Опять вставал допрос: что это? Разбитая, не способная к сопротивлению, покатившаяся к Москве армия? Но я ехал от Панфилова, слышал его слово «превзойти», понимал, что дивизия вынесла удар, принудила противника увязнуть.
Кто же это сделал? Да они же, изнуренные бойцы, сейчас без строя уходящие во тьму. Они дрались, стреляли, теряли товарищей, теряли командиров. Победители, они брели, еще не ведая, что победили.
Еду шагом навстречу уходящим. Вот и выстроившиеся вдоль шоссе избы Горюнов.
— Баурджан!
В полумгле примечаю характерную развалочку идущего ко мне Толстунова. Соскакиваю с седла, отдаю повод коноводу.
— Куда, Федор, направился?
— Проверочка постов. Да и тебя уже заждался. Похаживаю, поглядываю. Ан вот и ты!
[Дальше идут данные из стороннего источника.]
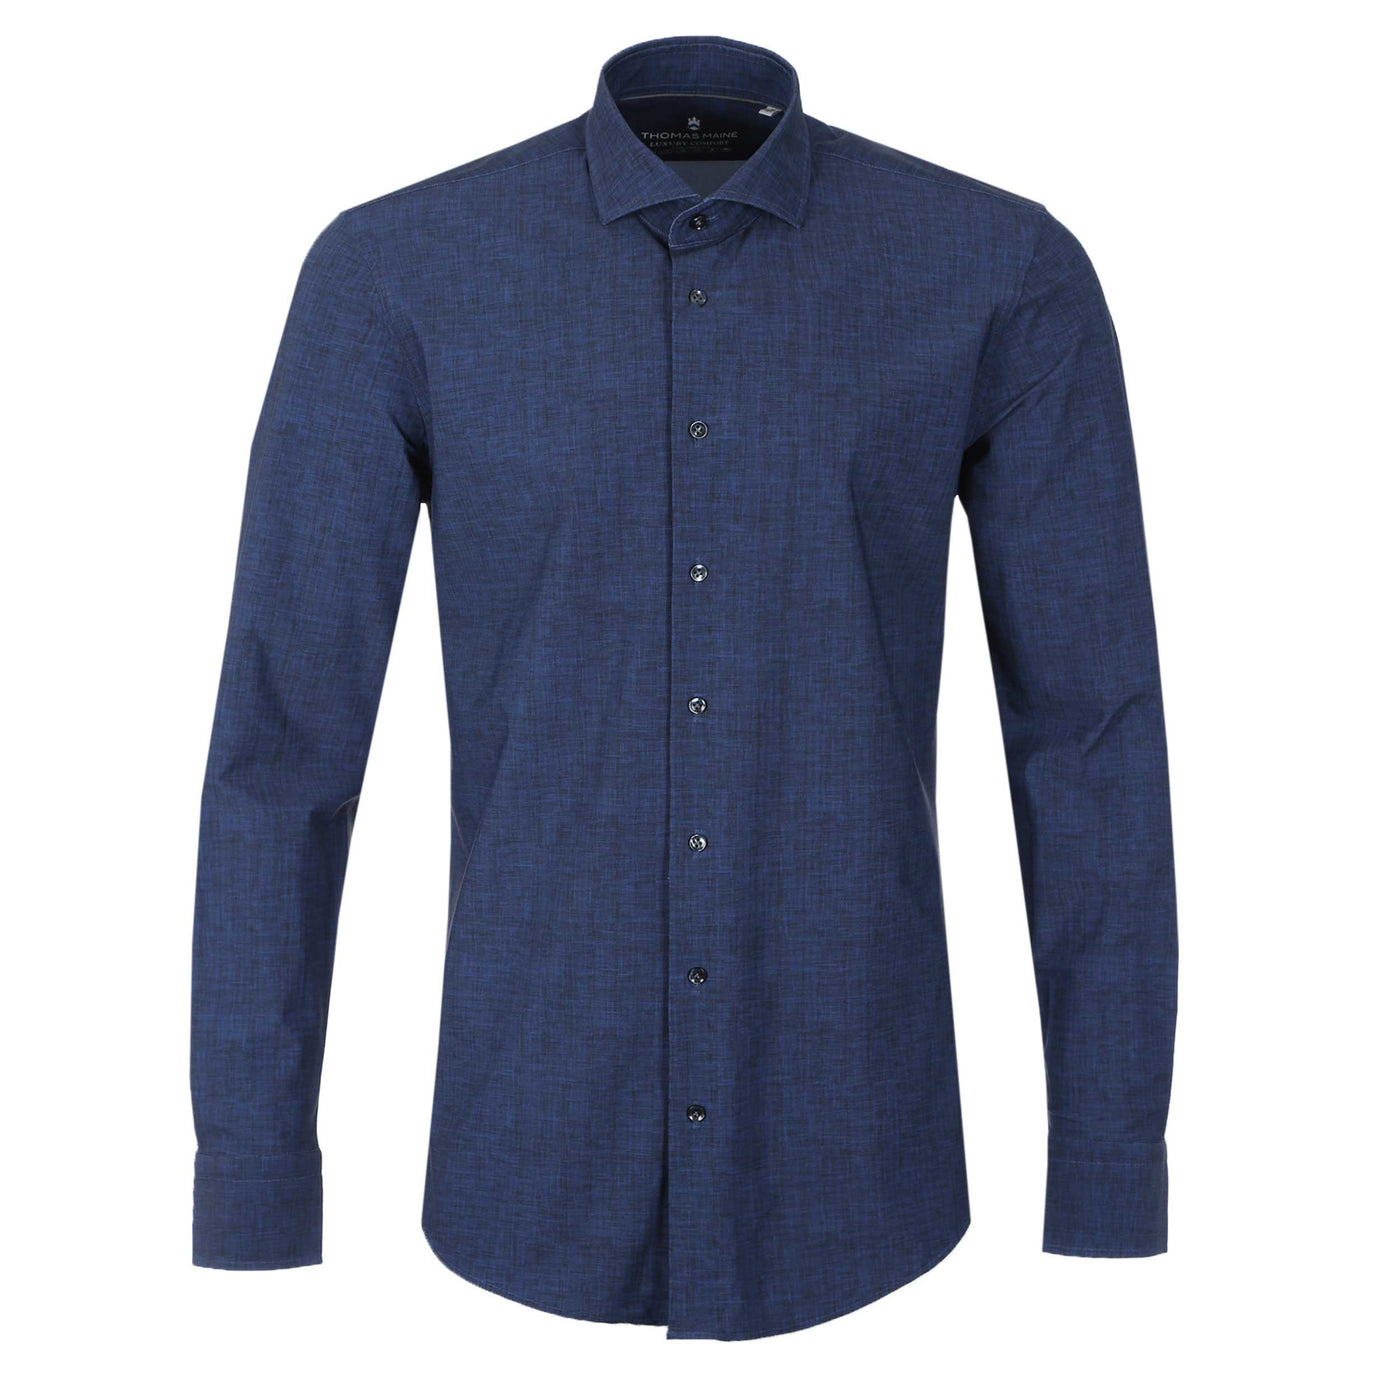 Thomas Maine Canclini Stretch Shirt in Navy

Не выказывая обеспокоенности моей судьбой. Толстунов с вкоренившейся небрежностью бросает фразы.
— Пойдем, — говорю я.
Толстунов просовывает свои пальцы в варежке под рукав моей стеганки, мы впервые с того дня, как познакомились, шагаем об руку. Он не расспрашивает, ждет. Я кратко выкладываю:
— Звягина не видел. Наш генерал сказал: не могу отменить приказ, но приостанавливаю. И послал меня обратно.
— Понятно. На этом теперь точка!
— Не знаю. Еще можно повернуть и так и эдак. Все-таки ведь я…
— Брось! Или, может, мне слетать в политотдел?
— Не надо! Ни к чему.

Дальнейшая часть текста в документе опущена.